Bob Mackie influence
Perhaps “The Carol Burnett Show’s” most famous moment was in a 1976 parody of “Gone With the Wind” when Burnett entered in a ridiculous dress made out of drapes with a curtain rod over her shoulders.
That outfit was the inspiration of costume designer Bob Mackie.
“He designed everything everybody wore, not just me. He designed 60 to 70 costumes a week. Do the math. Eleven years, 270-odd shows, he designed over 17,000 costumes.”
Burnett said Mackie shaped many of her performances, including recurring characters like the ditsy office worker Mrs. Wiggins.
“Sometimes I didn’t know how I was going to do a character until I went to the costume fitting to see what Bob had come up with for that character.”
“I remember Mrs. Wiggins, for instance. Tim wrote those sketches, and he had originally written Mrs. Wiggins to be this doddering old lady. And I went into the costume fitting and Bob said, “You know, you’ve been doing a lot of old ladies lately. Let’s make her into this blonde bimbo.
“He put me in this blonde wig and push-up bra with floral top and high stiletto heels. Then he gave me this old black skirt. It was wool. It was very tight around the knees, but it bagged in the behind. I said, ‘Bob, you’re going to have to take it in back there.’ He said, ‘No, no. Stick your behind into it.’ I did that, and that gave me what we called the Wiggins walk. And that’s how she was born.”
Burnett said her favorite guest stars came on the show so often they were almost like regulars, including the late Betty White, Bernadette Peters and pop star Steve Lawrence, who played opposite her in a number of movie parodies.
“We would have them on and off, constantly. Steve Lawrence did something like 39 of our shows.”
“Once when he was in an airport with his wife Eydie, our show had been in syndication and they’d cut all the musical numbers, just the sketches. He was in the airport waiting room and these teenage girls ran up to him and said, ‘Oh, you’re that funny guy on the Burnett show.”
Sometimes big stars volunteered to come on the show after being parodied, like silent movie actress Gloria Swanson. Burnett did several sketches based on her character Norma Desmond in “Sunset Boulevard.”
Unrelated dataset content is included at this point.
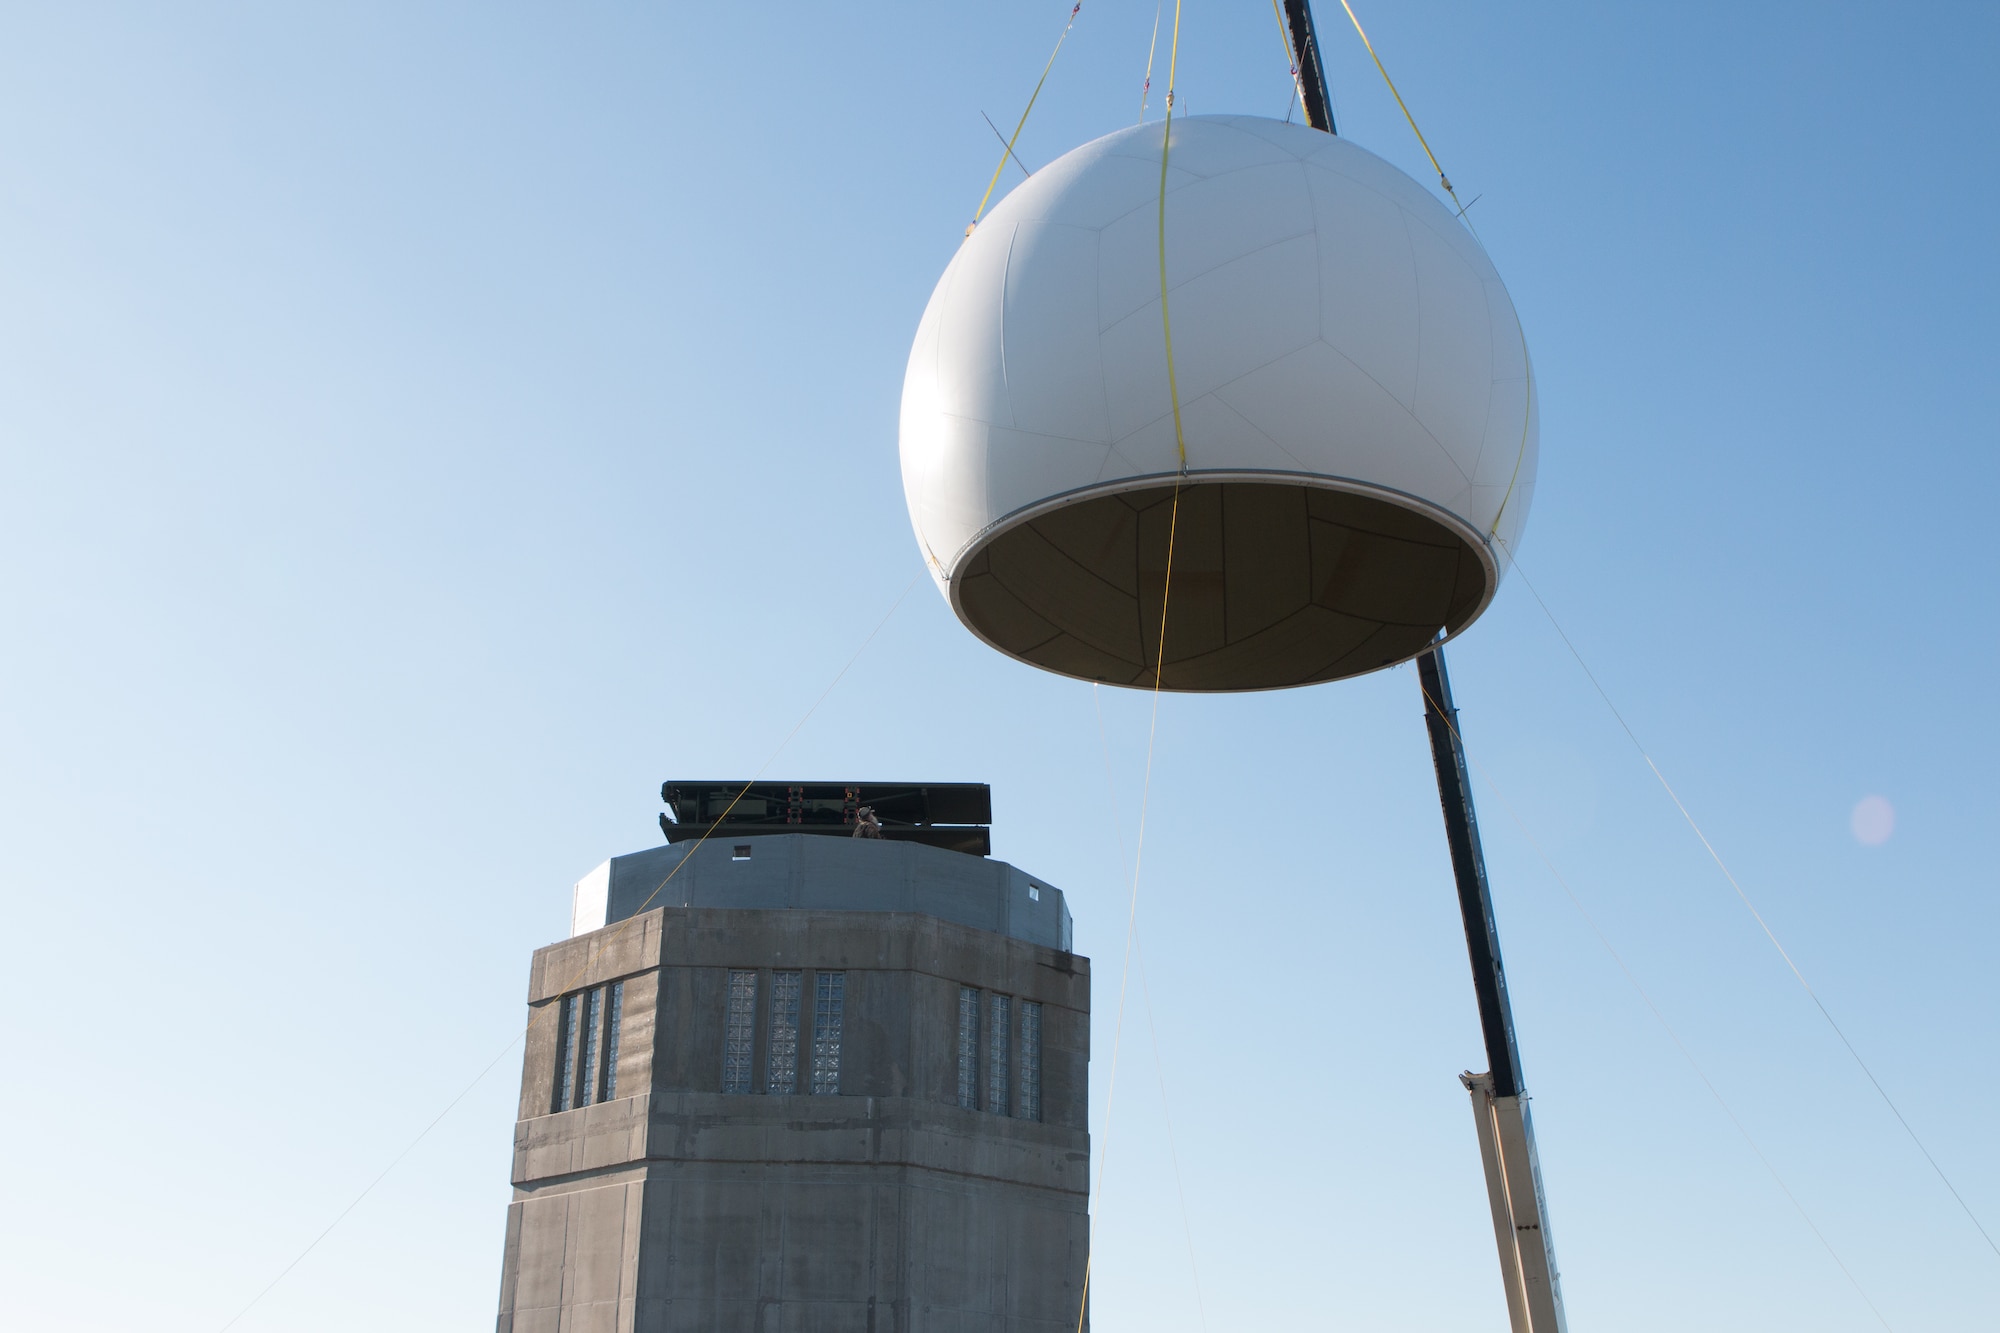 Airmen from the 103rd Air Control Squadron raise a fiber composite radome on to the radar tower at the Orange Air National Guard Station, Orange, Conn., Oct. 25, 2014.  The maintenance free radome, which gets its name from a blend of the words radar and dome, is a protective shield that encompasses a radar antenna to eliminate the need to fold and protect the $2 million antenna within from possible wind damage during severe weather.  (Photo courtesy of Senior Master Sgt. Keith Haessly)

“She called and said, ‘Can I come and play in your sandbox?’ I was just astonished.”
“I thought I’d died and gone to heaven after I got my show and I could ask people to come on as guests that I grew up watching in the movies: Mickey Rooney, Bing Crosby, Rita Hayworth, Betty Grable, Lana Turner.
“I swear my grandmother, if she wasn’t already dead, this would have killed her.”
‘Carol Burnett: An Evening of Laughter and Reflection’
When: 8 p.m. Friday and Saturday, Jan. 28-29
Where: The Show at Agua Caliente Casino Rancho Mirage, 32-250 Bob Hope Drive, Rancho Mirage
Tickets: $65-$125 plus fees
COVID-19 procedures: Fully vaccinated guests are not required to wear masks.